Life has been challenging in 2016. So I have been suffocating my mother with needyness, drinking wine, staying overly busy, reading books about self-help and worse off people than me for reassurance and therefore doing my regular coping routine.
But in addition to that I have an accountability club where I go and I have to report in on progress I am making on my goals. Right now this seems like a worse idea than that time I signed up for Burn Boot Camp to loose weight and be part of a “Fit Mom Community”- since one of my goals is to write. Due to the fact that I haven’t been able to find the time to write a to do list, I’m writing this nonsense at 5am. Which means I don’t like you, the world, kittens or anything but coffee and everything I’m saying makes no sense at all. So I’m sorry to you and to kittens but I can’t help it.

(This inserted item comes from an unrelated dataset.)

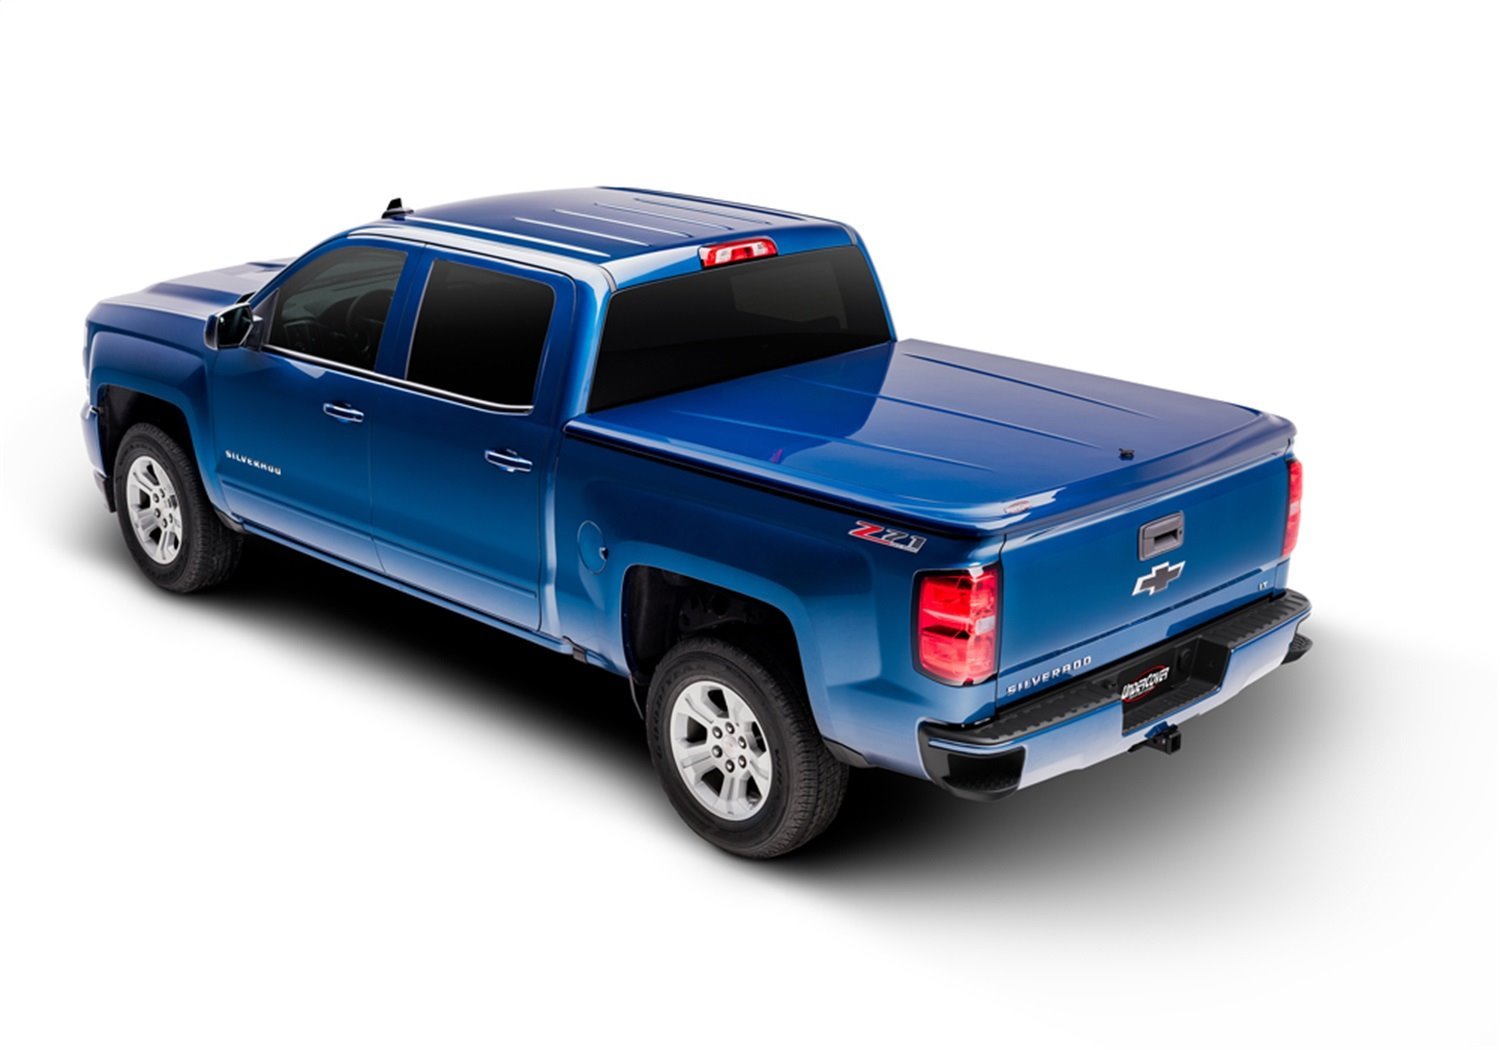 UC2206L-A3 LUX Hard Non-Folding Cover, Fits Select Ford F-150 5'7" Bed Crew (Includes Lightning) A3 Space White
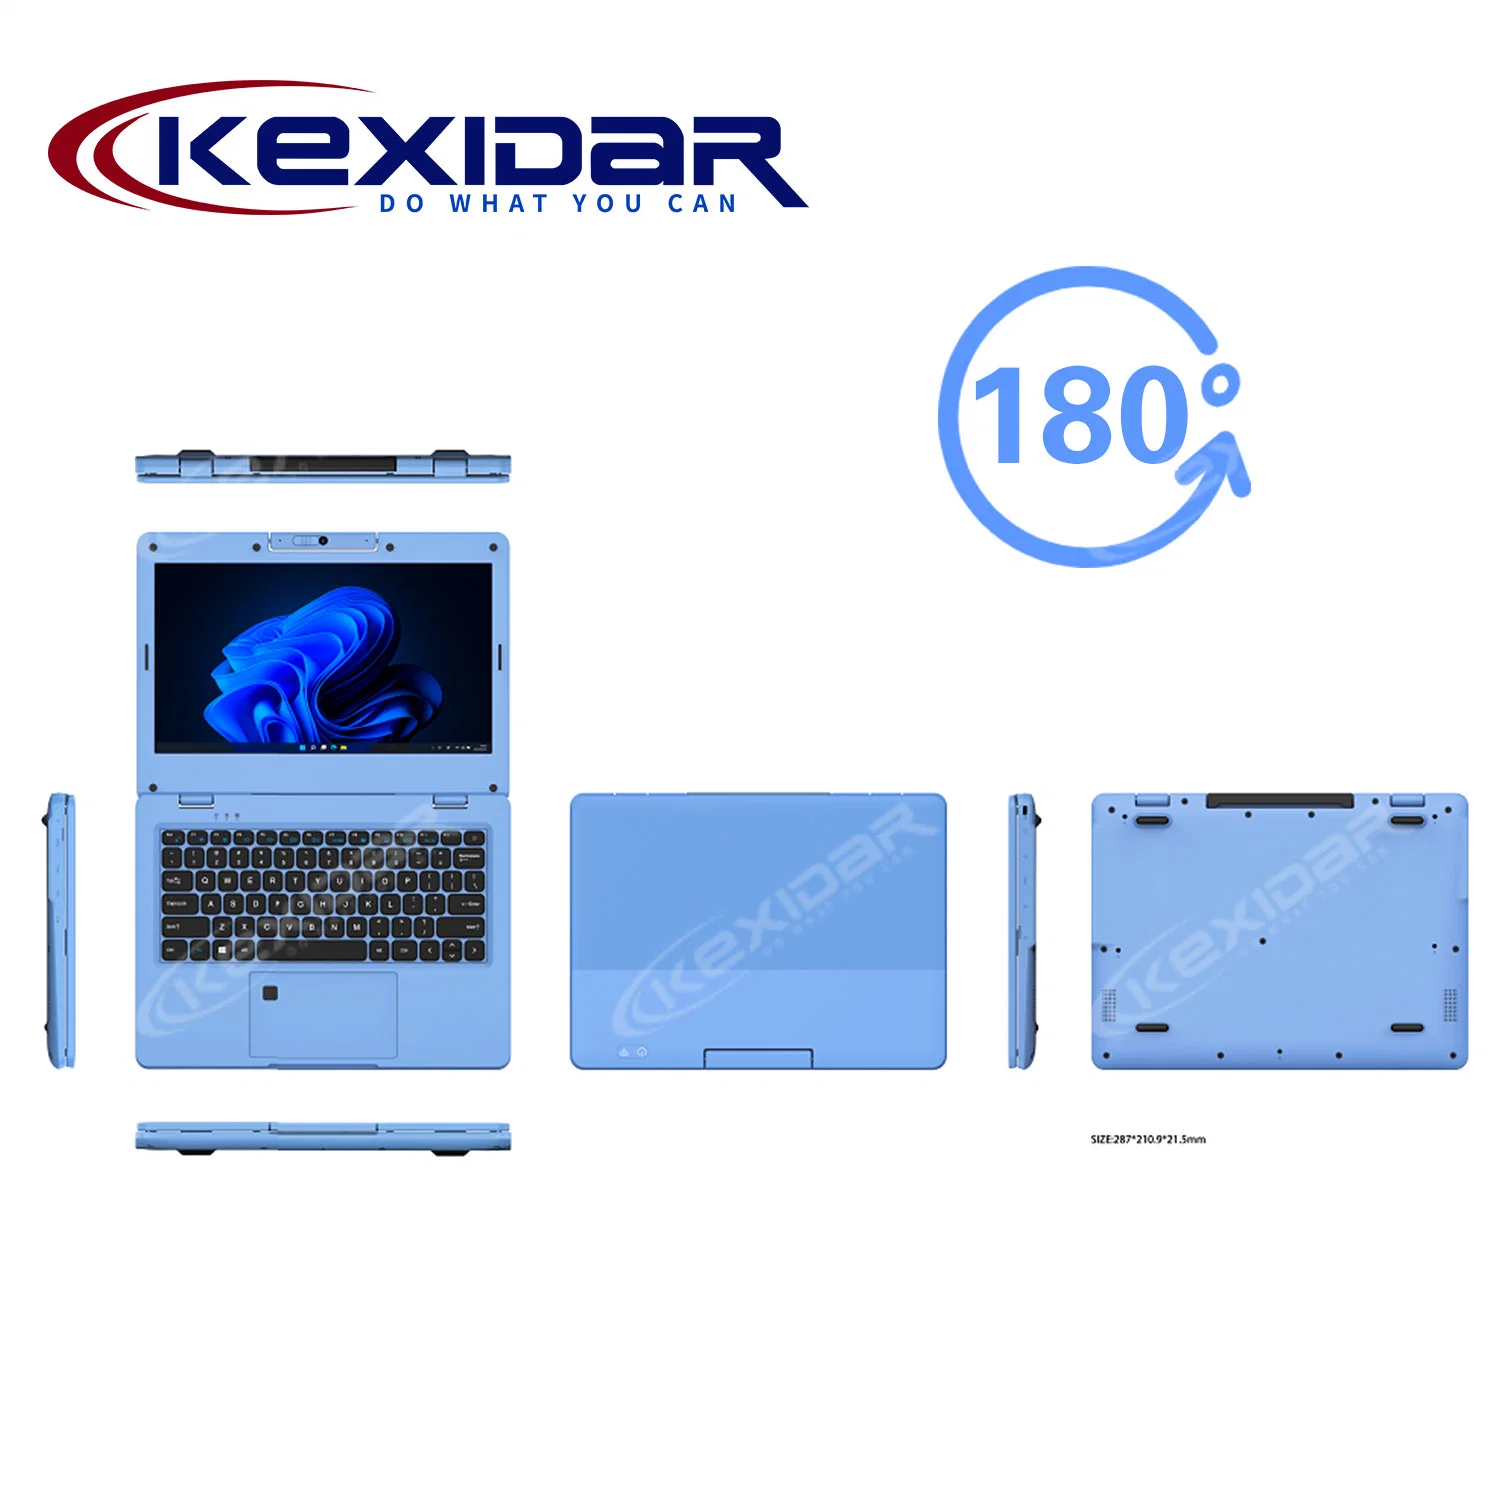 2023 New 11.6 Inch Pocket PC Notebook Support 180 Rotation Ultra Slim Waterproof IP54 Studrent Learning Mini Laptop

I also signed up for group therapy. The theme of the group is mindfulness. I went on the wrong day. I can’t make this stuff up. Do you think if I ever manage to attend I am going to have to sit in a circle and say “my name is Jana and I’m a mindless person. I couldn’t even get here in the right day.” Then everyone will say “hi jana” in a strange monotone? Or no one can ever get there and there is no group? That therapist is just a rich genius.
I have to go teach school now. AP psychology test review and the end of World War 1 in World History today.